Повернувшись в позолоченном кресле стиля ампир и глядя на Пенси, Анна сказала:
– Может быть, именно поэтому он так озабочен – кто знает.
– Но ведь я могу и хочу ему помочь даже сейчас, если ему нужны деньги, – воскликнула Пенси.
Анна тихо рассмеялась.
– Конечно, дорогая, ты можешь. Но, может быть, он не захочет взять ни одного пенса из твоих денег. Я считаю, что новость о том, что он женится на тебе, несколько успокоит легионы кредиторов – я не сомневаюсь, что их численность велика, – а потом, когда вы повенчаетесь, ты будешь нести известную часть расходов, оплачивать свои туалеты, например. Так, мне кажется, должно обстоять дело.
– Я сделаю Дикки божественные подарки, – сказала Пенси.
Анна опять рассмеялась.
– Конечно, сделаешь, и ему это будет приятно.
– Значит, ты полагаешь, что материальные заботы сделали его таким? – настаивала Пенси.

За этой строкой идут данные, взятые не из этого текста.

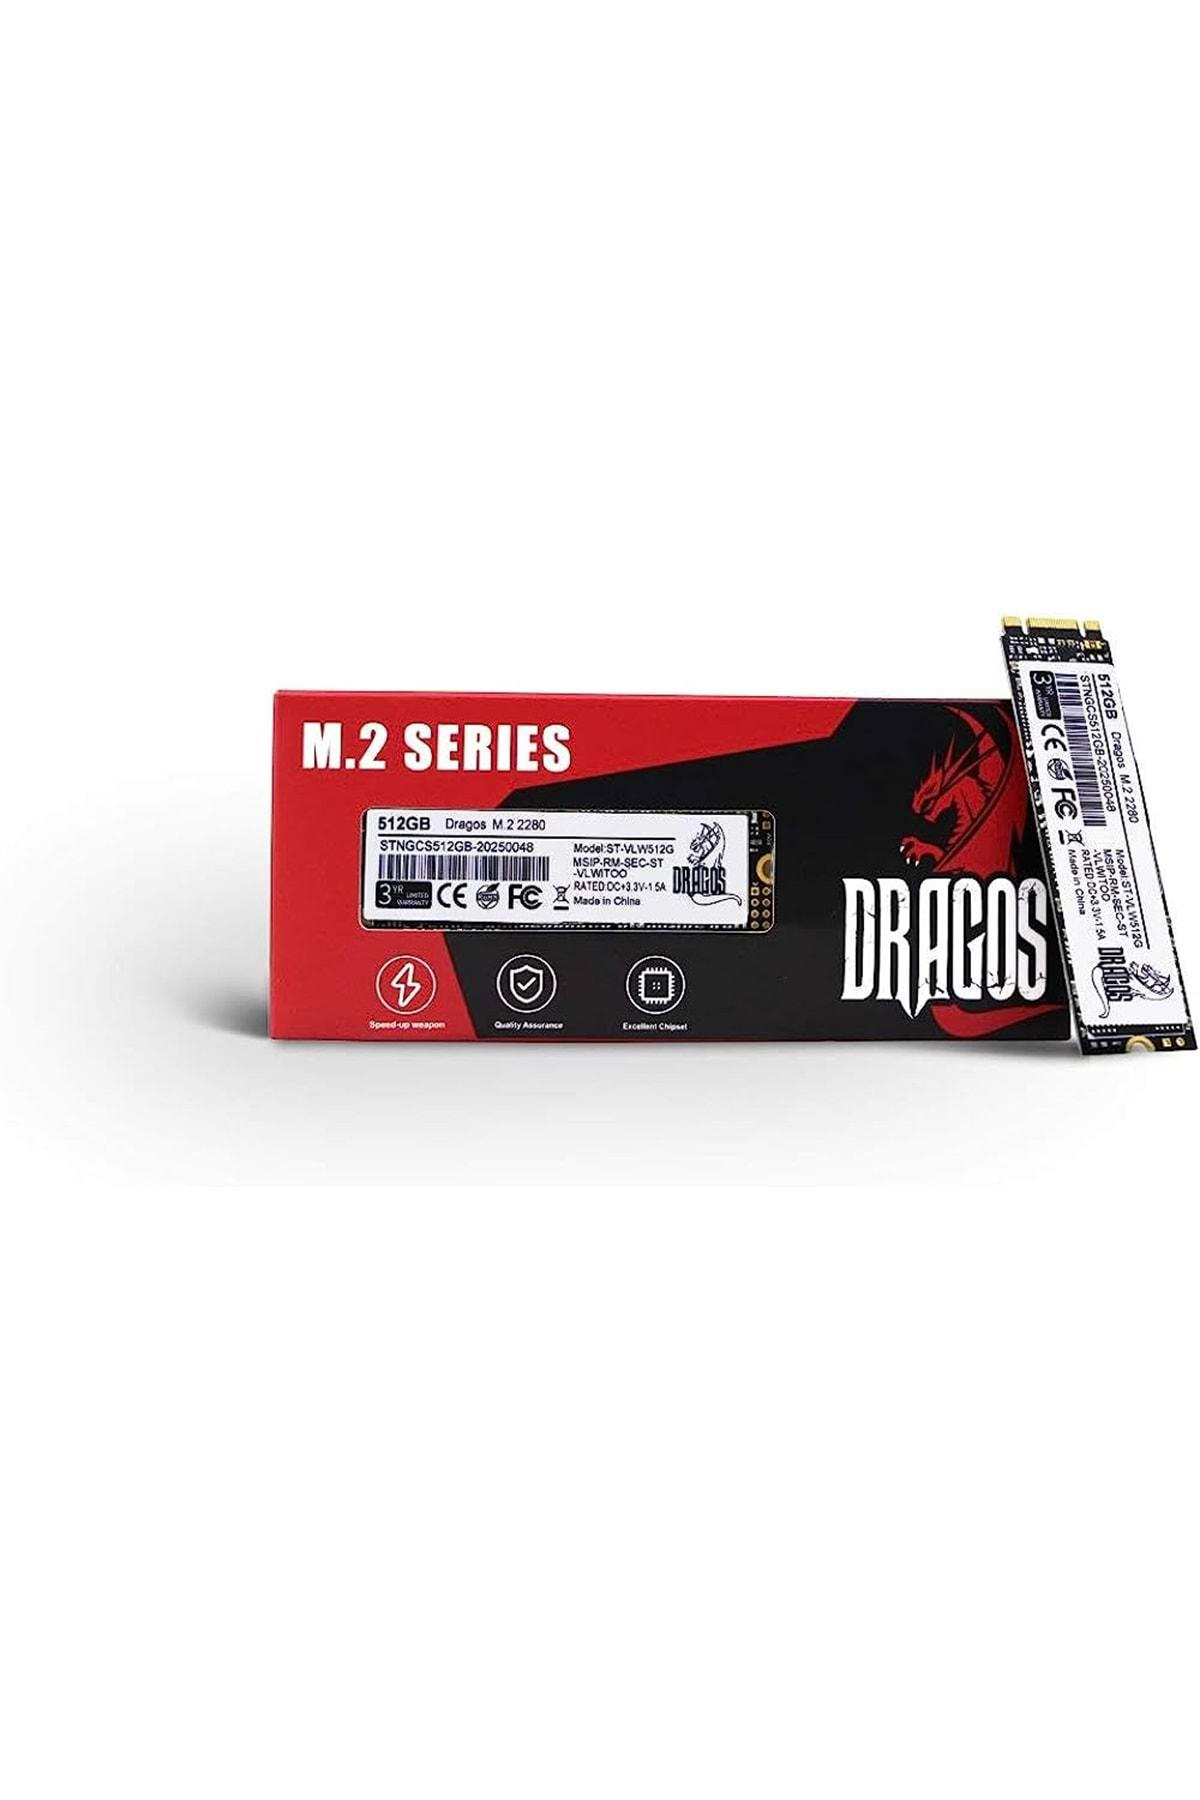 Dragos M2SSD NVME 512 GB M2 SSD

– Я полагаю, что он вовсе не изменился, – несколько устало ответила Анна. – Мне кажется, ты в глубине души начертала правила поведения для какого-то необыкновенного жениха, а Дикки, простой смертный, не сумел их исполнить – вот почему ты слегка разочаровалась в его отношении к тебе. Признайся откровенно, разве это не так?
Пенси внезапно сорвалась с места и, вся дрожа, упала к ногам Анны, обвив ее колени руками.
– О, как ты не понимаешь меня. Не хочешь понять. Неужели ты думаешь, что я настолько глупа, что ничего не вижу и не знаю моего жениха… Я знаю его очень хорошо. И я повторяю тебе: он совсем не такой, как раньше. Анна, ты мой друг, ты наверняка знаешь или слышала о Дикки что-нибудь, чего я не могу услышать. Смотри мне прямо в глаза – скажи, у него есть кто-нибудь, кроме меня? – с мольбой спросила она.
Анна ласково погладила ее дрожащие белые плечи. Ее большие серые глаза спокойно встретили взгляд изумительных глаз Пенси.
– Насколько я знаю, нет. Я не слышала ни о ком, – ответила она. – Пенси, возьми себя в руки, дорогая, нельзя так распускаться.
Пенси закрыла лицо руками, и Анна почувствовала, что она плачет. Наконец, подняв мокрое от слез лицо, Пенси просто сказала:
– Я не могла справиться с собой. Я очень мучилась, думая, что Дикки не любит меня. Теперь я знаю, что все в порядке; я возьму себя в руки. Мне нужно было высказаться. Прости, что я устроила такую сцену.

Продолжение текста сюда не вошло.